А в принципе, конечно, Толстой никогда своих героев не ограничивает, и герои его ведут себя по-разному и весьма живо. В Шекспире, как правильно сказал Чехов, его раздражает масштаб. Чехов же говорит: «Нас, мелочь, он вообще в расчёт не берёт». А вот Шекспир, этот большой, взрослый, этот его раздражает. А мы можем играть в своей песочнице, сколько влезет. Поэтому Шекспира он не любит не за свободу. Шекспира он не любит за то, что тексты его принципиально барочные, сложны, многоуровневые. И когда Толстой начинает своим языком, своим корявым и упрощённым нарочито стилем пересказывать монолог Лира — это выходит гомерически смешно. Например, он говорит: «Входит Лир и требует, чтобы все выли, — а потом говорит: — Если бы у него были все глаза и языки присутствующих, он сделал бы из них такое употребление, что небеса треснули бы!» Это смешно, как смешон любой буквализм. Но на самом деле, конечно, «Король Лир» — это как-нибудь не хуже, чем у Толстого, просто это иначе.

«Вы слышали гипотезу, что развитие творческих способностей связано с половым отбором внутри вида?»

Слышал, но сводить искусство к брачным танцам, воля ваша, не могу. Я вообще про всякие виды отбора — половой отбор, естественный отбор, нравственный отбор. Я ко всему этому отношусь с изрядным скепсисом. Я же никому не навязываю свою точку зрения. Ну, дайте и мне право на мою.

«Думали ли вы над тем, что мата как такого не существует, то есть матерные слова — всего лишь дополнительные синонимы к известной физиологической терминологии?»
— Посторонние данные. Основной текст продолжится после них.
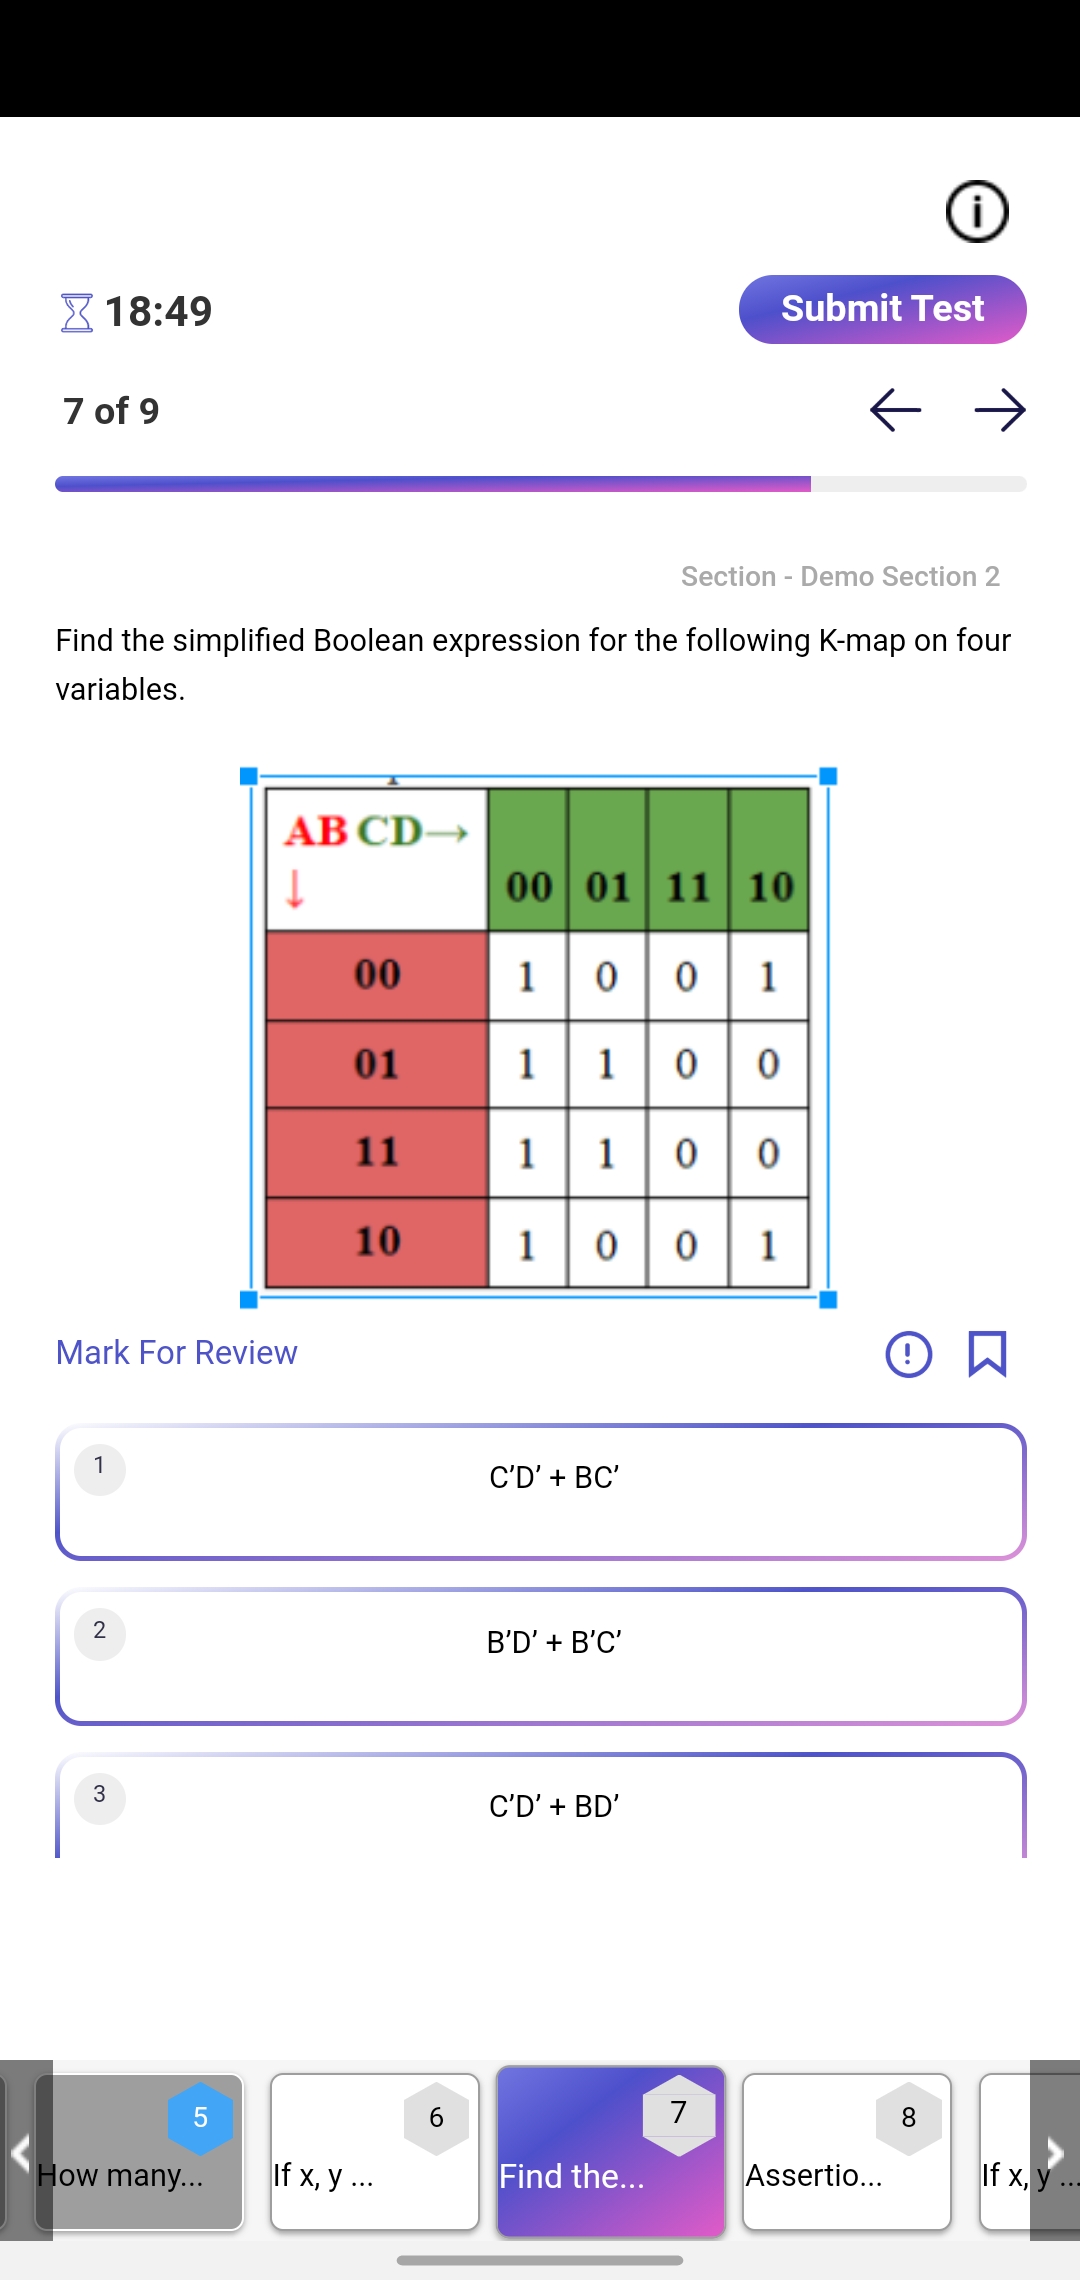 6. You can differentiate questions by the color given to the questions in the question panel.  Ex: In the image below, the 5th question is in one section and 6,7,8 are in another section. You can also see the section question belongs to in the top right. 

Э нет, не надо, пожалуйста! Мат — это наследие тех времён, когда «солнце останавливали словом, словом разрушали города», это магическая ритуальная формула. И не надо его, пожалуйста, обеднять и сводить к физиологической символике, поскольку мат, во всяком случае русский, он гораздо шире любой физиологии. Ну, достаточно вспомнить замечательную загадку Зализняка, высокого лингвиста. Попробуйте перевести на обсценную лексику фразу: «О, неосторожный незнакомец! Пожалуй, следовало бы наказать тебя ударом по лицу». Причём все слова должны быть одного корня. Это нетрудно. И задача имеет единственное решение. Это нетрудно, но это показывает замечательную глубину и многообразие матерной лексики. Можете на досуге её решить.

«Утрачивает ли песенный английский свою акустическую привлекательность при освоении языка и понимании смысла песен?»